* [WHAT THE EXERCISE ASKS] Your answer should be only the lines below from the one with "Transformers: The last knight" to the one with "Z Sitting - Poses", repeated exactly, ends included.

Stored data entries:
- - - - - - -

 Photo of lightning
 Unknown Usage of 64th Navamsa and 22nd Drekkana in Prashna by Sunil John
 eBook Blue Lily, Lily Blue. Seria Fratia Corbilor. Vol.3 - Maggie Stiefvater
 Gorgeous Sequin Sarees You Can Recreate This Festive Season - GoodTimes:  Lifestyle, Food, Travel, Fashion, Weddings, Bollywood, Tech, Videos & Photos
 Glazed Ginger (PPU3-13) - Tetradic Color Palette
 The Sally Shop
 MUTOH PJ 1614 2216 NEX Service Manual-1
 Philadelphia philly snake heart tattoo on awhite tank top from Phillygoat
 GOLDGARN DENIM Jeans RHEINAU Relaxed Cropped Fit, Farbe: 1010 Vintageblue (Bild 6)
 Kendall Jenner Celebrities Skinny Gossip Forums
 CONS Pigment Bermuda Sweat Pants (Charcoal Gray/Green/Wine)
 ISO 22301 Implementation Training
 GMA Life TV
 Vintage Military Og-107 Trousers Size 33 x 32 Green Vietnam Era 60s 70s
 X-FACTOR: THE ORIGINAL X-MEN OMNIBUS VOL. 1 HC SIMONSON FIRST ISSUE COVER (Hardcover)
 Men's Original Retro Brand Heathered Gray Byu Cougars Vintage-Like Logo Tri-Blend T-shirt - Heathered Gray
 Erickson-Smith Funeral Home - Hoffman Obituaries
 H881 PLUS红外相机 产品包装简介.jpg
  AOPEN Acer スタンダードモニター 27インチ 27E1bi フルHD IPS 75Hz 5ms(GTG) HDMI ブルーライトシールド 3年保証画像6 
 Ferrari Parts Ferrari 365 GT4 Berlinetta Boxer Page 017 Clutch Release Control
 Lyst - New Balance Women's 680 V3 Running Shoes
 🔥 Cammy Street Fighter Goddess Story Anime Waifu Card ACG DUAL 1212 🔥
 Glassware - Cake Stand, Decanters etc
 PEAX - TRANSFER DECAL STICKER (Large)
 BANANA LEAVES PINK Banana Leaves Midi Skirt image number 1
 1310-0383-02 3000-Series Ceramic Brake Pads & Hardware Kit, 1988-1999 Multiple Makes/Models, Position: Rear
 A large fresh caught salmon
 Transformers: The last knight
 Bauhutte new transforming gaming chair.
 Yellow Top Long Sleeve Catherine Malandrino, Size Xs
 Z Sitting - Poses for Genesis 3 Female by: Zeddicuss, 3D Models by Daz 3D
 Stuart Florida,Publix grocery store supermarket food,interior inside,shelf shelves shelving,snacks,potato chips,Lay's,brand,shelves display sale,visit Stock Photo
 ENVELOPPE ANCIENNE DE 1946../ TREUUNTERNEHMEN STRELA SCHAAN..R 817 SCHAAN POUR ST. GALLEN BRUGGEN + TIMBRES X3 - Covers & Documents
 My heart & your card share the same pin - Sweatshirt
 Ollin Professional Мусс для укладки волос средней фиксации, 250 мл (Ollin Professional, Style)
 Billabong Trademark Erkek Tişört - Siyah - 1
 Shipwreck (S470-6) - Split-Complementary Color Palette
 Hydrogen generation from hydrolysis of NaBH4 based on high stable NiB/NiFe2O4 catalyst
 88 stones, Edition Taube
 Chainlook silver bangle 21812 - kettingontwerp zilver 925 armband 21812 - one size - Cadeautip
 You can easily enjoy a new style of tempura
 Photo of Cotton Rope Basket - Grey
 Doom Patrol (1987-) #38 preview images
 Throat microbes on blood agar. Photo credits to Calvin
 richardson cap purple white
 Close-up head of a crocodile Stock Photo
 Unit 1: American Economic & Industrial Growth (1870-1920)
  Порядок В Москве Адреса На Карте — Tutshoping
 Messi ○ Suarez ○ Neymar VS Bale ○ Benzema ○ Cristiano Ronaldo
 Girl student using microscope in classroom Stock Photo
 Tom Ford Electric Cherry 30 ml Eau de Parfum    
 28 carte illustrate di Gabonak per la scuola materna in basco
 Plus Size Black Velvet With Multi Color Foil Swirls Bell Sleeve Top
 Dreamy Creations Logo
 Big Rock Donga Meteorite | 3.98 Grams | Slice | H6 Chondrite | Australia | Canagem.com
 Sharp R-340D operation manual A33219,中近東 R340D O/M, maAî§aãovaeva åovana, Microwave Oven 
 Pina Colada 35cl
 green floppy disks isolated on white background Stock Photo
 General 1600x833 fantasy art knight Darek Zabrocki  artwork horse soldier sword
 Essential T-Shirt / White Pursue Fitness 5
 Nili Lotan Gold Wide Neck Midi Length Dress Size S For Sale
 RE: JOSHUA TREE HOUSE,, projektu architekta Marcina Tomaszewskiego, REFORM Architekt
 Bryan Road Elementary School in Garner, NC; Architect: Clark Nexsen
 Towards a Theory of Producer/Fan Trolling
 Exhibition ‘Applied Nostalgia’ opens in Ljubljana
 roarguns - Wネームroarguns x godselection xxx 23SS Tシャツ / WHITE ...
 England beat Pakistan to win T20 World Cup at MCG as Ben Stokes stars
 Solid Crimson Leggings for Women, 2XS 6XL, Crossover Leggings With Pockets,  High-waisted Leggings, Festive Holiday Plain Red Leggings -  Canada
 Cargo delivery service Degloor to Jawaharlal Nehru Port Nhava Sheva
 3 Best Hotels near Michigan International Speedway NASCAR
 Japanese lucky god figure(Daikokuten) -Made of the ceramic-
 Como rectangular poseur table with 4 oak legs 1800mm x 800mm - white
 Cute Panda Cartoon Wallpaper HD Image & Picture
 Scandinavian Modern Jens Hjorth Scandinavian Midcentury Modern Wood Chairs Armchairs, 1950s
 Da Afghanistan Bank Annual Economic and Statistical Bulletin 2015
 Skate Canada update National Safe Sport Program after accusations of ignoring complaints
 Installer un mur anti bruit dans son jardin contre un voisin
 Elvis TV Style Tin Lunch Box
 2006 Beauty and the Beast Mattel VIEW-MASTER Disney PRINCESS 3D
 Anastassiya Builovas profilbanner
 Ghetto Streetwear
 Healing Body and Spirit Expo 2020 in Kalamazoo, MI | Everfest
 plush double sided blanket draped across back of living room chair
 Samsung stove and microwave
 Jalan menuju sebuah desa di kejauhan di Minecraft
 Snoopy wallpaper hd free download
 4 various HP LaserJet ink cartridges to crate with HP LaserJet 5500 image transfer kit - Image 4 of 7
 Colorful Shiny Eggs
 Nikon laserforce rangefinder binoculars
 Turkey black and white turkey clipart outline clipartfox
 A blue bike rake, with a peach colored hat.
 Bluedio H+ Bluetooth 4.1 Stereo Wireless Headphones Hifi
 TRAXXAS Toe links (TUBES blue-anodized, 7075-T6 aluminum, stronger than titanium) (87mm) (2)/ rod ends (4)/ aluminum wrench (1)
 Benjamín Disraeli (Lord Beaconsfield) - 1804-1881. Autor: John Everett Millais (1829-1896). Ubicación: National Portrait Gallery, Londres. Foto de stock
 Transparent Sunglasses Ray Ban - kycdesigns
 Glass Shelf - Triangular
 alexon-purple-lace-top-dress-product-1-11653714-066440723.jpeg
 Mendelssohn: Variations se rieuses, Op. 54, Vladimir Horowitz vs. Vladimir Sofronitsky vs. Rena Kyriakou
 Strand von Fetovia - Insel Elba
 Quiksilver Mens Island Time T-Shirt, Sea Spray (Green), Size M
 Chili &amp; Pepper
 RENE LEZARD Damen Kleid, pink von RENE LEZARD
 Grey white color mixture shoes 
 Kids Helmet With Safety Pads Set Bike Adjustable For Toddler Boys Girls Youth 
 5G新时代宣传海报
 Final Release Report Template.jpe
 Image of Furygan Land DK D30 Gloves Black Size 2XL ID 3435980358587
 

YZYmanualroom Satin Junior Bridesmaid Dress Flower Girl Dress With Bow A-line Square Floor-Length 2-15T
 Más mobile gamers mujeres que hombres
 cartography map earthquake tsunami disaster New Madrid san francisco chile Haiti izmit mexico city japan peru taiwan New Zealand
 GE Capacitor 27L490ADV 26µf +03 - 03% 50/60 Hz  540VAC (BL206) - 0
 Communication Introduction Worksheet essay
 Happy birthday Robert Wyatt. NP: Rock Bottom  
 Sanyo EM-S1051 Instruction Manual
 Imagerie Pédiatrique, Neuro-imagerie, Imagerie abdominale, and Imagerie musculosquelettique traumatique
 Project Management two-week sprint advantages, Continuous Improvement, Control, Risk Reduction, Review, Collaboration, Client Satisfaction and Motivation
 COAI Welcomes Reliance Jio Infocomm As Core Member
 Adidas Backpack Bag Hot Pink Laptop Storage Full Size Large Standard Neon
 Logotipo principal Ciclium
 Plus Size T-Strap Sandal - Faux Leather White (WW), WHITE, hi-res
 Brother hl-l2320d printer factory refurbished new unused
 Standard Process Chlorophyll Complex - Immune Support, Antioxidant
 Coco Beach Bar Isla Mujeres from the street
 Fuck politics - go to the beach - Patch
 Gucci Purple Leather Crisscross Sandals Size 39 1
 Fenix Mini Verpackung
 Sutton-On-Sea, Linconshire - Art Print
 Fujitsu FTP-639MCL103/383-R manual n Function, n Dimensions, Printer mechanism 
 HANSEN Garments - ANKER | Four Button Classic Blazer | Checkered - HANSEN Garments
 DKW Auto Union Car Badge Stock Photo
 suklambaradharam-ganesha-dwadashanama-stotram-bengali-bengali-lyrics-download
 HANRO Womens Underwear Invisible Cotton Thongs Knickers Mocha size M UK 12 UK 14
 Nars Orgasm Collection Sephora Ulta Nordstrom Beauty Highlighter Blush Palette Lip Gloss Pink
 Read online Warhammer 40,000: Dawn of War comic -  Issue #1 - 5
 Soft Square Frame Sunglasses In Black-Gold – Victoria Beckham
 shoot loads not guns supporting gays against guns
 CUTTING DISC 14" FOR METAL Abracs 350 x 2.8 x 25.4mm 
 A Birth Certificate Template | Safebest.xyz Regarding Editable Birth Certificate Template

- - - - - - -

* [EXPECTED OUTPUT]
 Transformers: The last knight
 Bauhutte new transforming gaming chair.
 Yellow Top Long Sleeve Catherine Malandrino, Size Xs
 Z Sitting - Poses for Genesis 3 Female by: Zeddicuss, 3D Models by Daz 3D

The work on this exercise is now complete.